От его отца Галя узнала, что он ушел из школы. Перешел в другую. Поскольку произошли вещи, которые все изменили в его жизни, и учиться именно в этой школе теперь не имело смысла… Она поняла, что его отец не почувствовал той пустоты, что почувствовала в нем она.
Его отец сказал: ничего страшного — это бывает с мальчиками, которые учатся в такой школе… И что жизнь на этом не заканчивается. Она, конечно, не стала возражать отцу… Что она могла возразить, слепая наивная домашняя девочка, сидящая в четырех стенах? Но она-то как раз думала иначе, чем его взрослый умный отец. Она думала, что случилось что-то в этом роде — какая-то жизнь у него именно закончилась… Первая… Если верить, что человек проживает несколько жизней за одну… А может, и единственная.
Что-то обрывает ее.
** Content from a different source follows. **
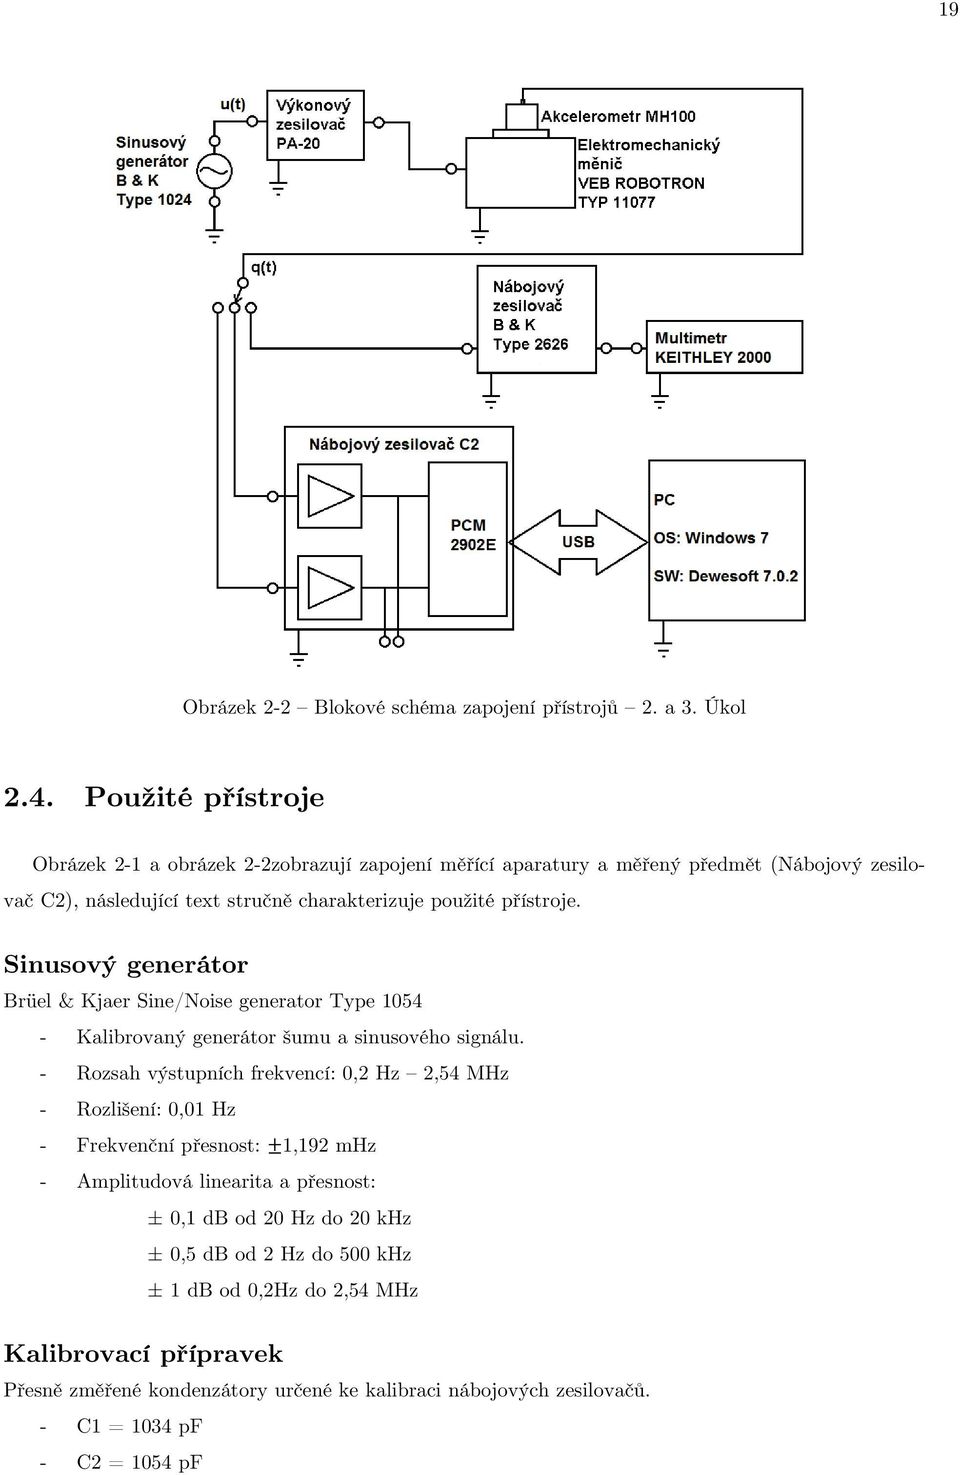 přístroje. Sinusový generátor Brüel & Kjaer Sine/Noise generator Type 1054 - Kalibrovaný generátor šumu a sinusového signálu.

Что остается, если человек формально жив? Ну да, именно то, что она в нем почувствовала, — пустота.
Потом она, эта его новая пустота, стала понемногу чем-то заполняться. Чем-то новым, недоступным Галиному пониманию.
К тому времени, когда они стали взрослыми, это был другой человек, совсем не тот, кого она знала в детстве.
Хотя назывались они с ним, как и прежде, — «друзья детства».
Иной человек, которого Галя Вик любила, как прежнего.
Один день, вернее, вечер Гале Вик запомнился особенно. Потому, наверное, что именно по этой временной отметке прошла главная, похожая на пропасть, на бездну, граница — между ним, прежним, — и новым!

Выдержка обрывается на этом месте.